Fais gaffe tu es en train de tomber amoureux


----------



## woulf (25 Février 2004)

Attention tout de même, c'est malheureusement une machine qui commence à "dater", d'une part parce qu'il y a eu multitude de générations qui ont suivi (2 révisions de Titanium si mes souvenirs sont bons et l'arrivée des alu).

C'est notamment au niveau de la taille du disque dur et de la carte graphique que cela se fait sentir: dotation de 10gos (20 ou 30 gos en option) et carte graphique de 8Mos à l'origine il me semble


----------



## Vercoquin (25 Février 2004)

Pour être plus exact, il y a eu 3 générations de Ti après le 400 :
1- arrivé de l'Ethernet Gigabit (plus montée en puissance et carte graphique 16 Mo) ;
2- nouvelle révision avec plus de puissance et carte graphique 32 Mo (PB DVI) ;
3- arrivé des Superdrives et carte graphique 64 Mo. 
	

	
	
		
		

		
		
	


	




Le 400 me paraît bien pour une application bureautique ou pour des premiers pas en vidéo amateur.

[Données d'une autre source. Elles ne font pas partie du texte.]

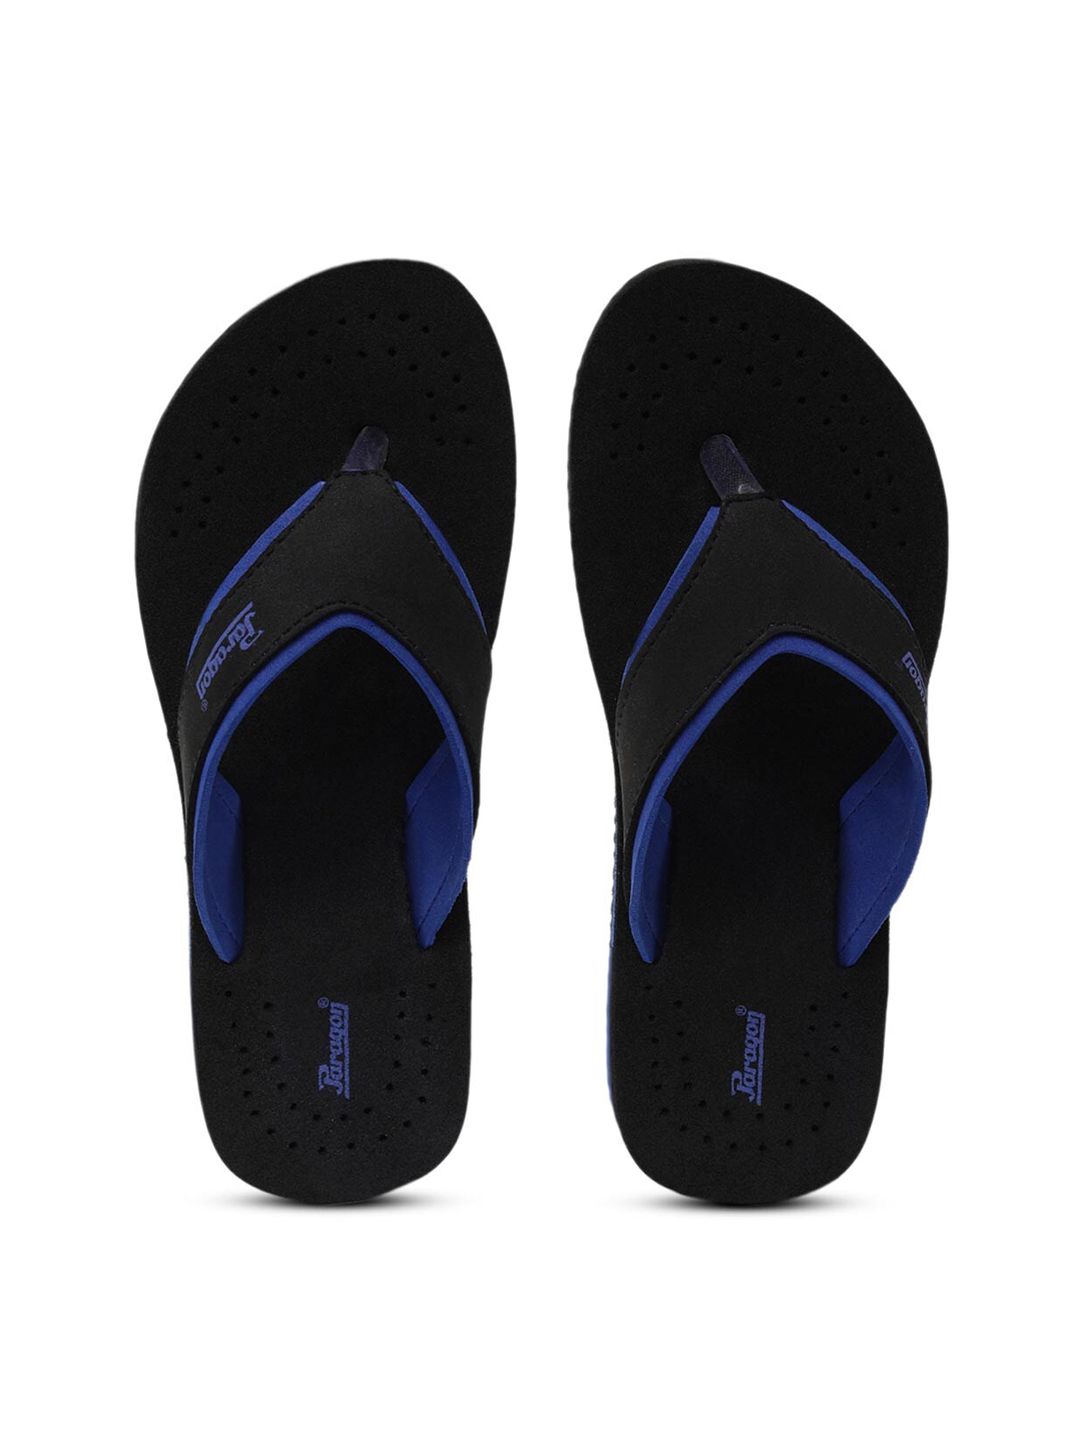 Paragon Women Black & Navy Blue Thong Flip-Flops Price in India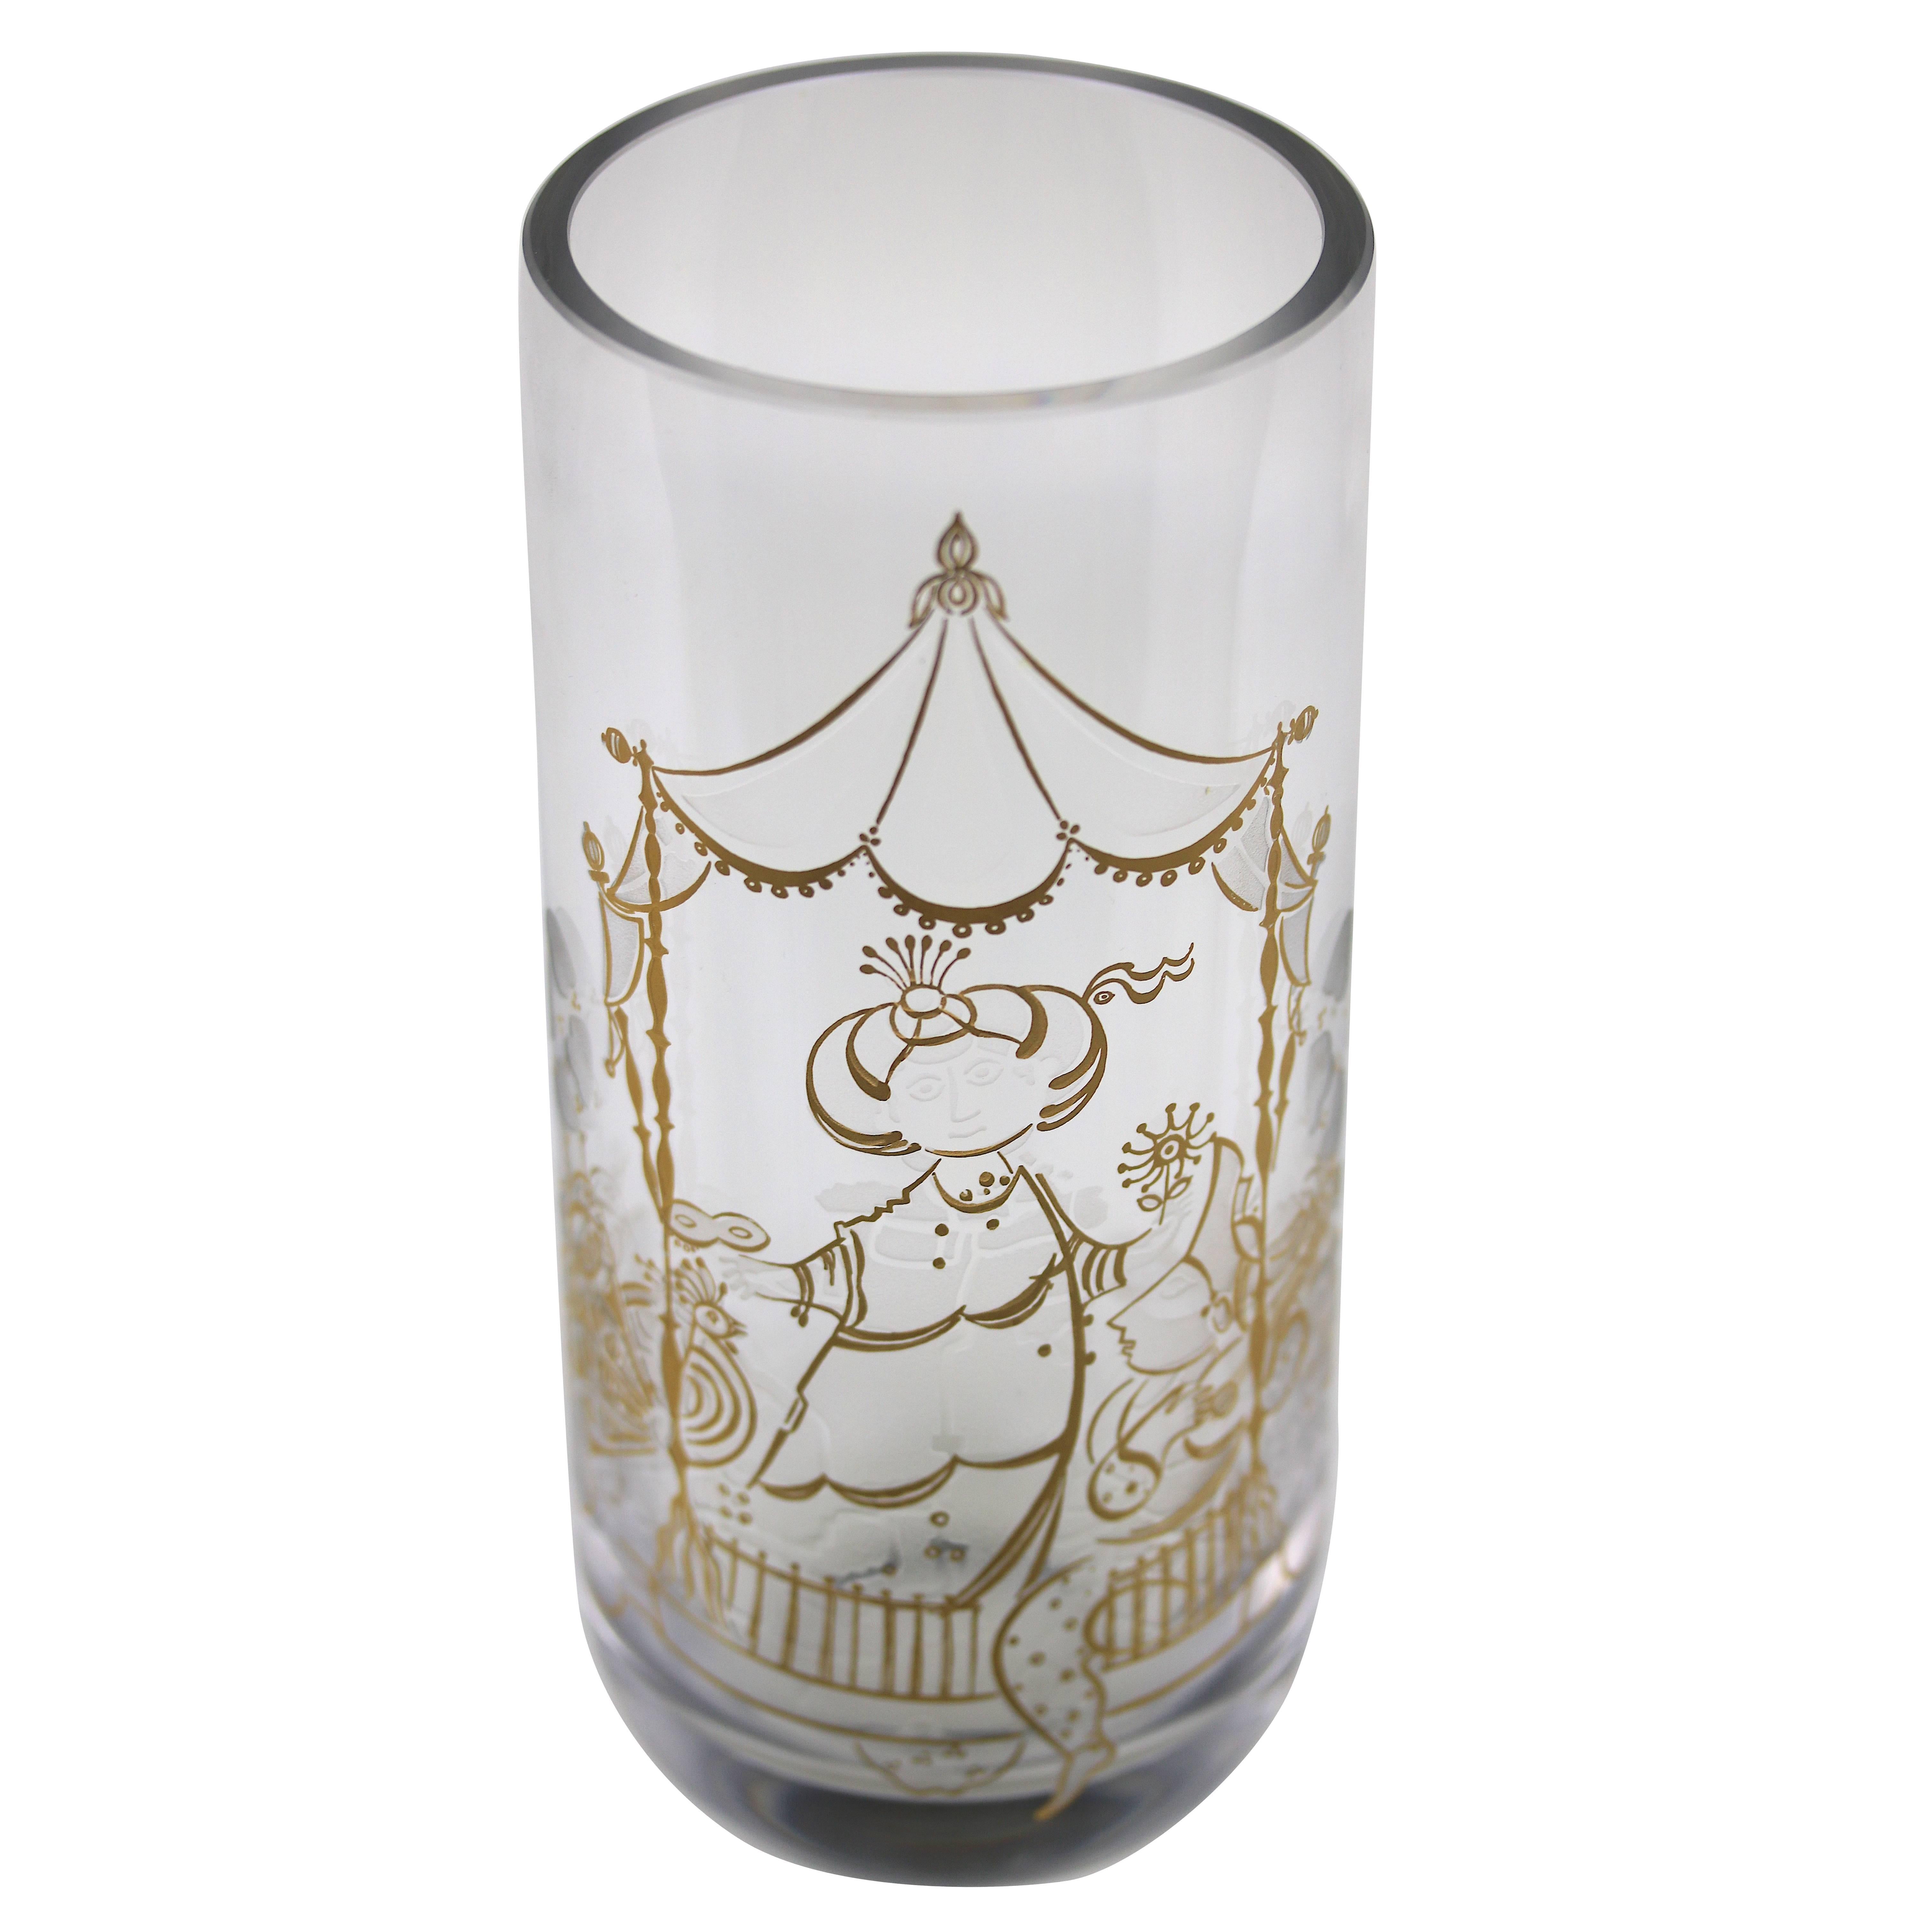 Bjorn Wiinblad Crystal Vase 22K etched Gold Charming Design- signed For Sale

Il faut particulièrement faire attention 
	

	
	
		
		

		
		
	


	




 :
- aux pixels morts de l'écran
- aux marques du clavier sur l'écran (gros défauts des premiers modèles)
- au fonctionnement de la prise FireWire (prise fragile sur ces modèles)
- au crochet qui ferme l'écran (qui peut casser facilement)

Pour un modèle d'occasion, il ne faut pas s'attendre à ce que la batterie ait encore de l'autonomie, ni que la peinture ne se soit pas un peu écaillée par endroit...


----------



## vincmyl (25 Février 2004)

Je crois que tout est dit


----------



## Titophe (26 Février 2004)

Merci bcp.


----------



## teo (28 Février 2004)

J'ai acheté mon Ti  400 il y a 2 ans, d'occase à un pote, excellent état. Je termine mon AppleCare, je change le HD interne pour un 60Go 5200/16 Mo de cache la semaine prochaine. Je suis ravi de ce portable, trop beau, inscription Powerbook G4 en "Apple Garamond", trop beau, avec 512 Mo de RAM et Jaguar, ça va: je fais tourner sans trop de pb Photoshop, Illustrator, InDesign. En plus un avantage: le ventilo se met très rarement en route, tout est très silencieux. J'ai pas testé les suivants, mais pour l'instant, vu les machines et mon compte en banque, je compte bien le garder encore jusqu'à ce que les premiers PB G5 aient fait leurs preuves et soient en vente d'occase. C'est pas une bécane que j'utilise professionnellement pour le moment, mais elle assure. A la base, c'est quand même une machine pro.
Comme le mentionnait Vercoquin, ce qui m'embête le plus, c'est la faiblesse de la carte: Quartz demande 16 Mo: mais bon, je fonctionne en double écran avec un Sony 19" CRT sans problème. Avantage aussi, j'ai l'infra rouge, absent sur des modèles plus récents. Et le boot toujours possible sous 9... Je l'utilise surtout comme machine de bureau, avec un clavier Apple, une souris logitech, toute ma discothèque convertie dessus, des enceintes JBL Invader, tout va bien.
J'hésite à y mettre une carte airport...
Bref, je l'adore ce Mac...








Edit: j'oubliais: effectivement faire attention aux marques sur l'écran, en fait chez moi, c'est pas le clavier mais une très faible courbure du repose main qui a "usé" la dalle par endroit. Pas de dead pixel chez moi. Mon pote avait aussi du faire modifier la fixation de la batterie qui se barrait, pb reconnu à l'époque par Apple.


----------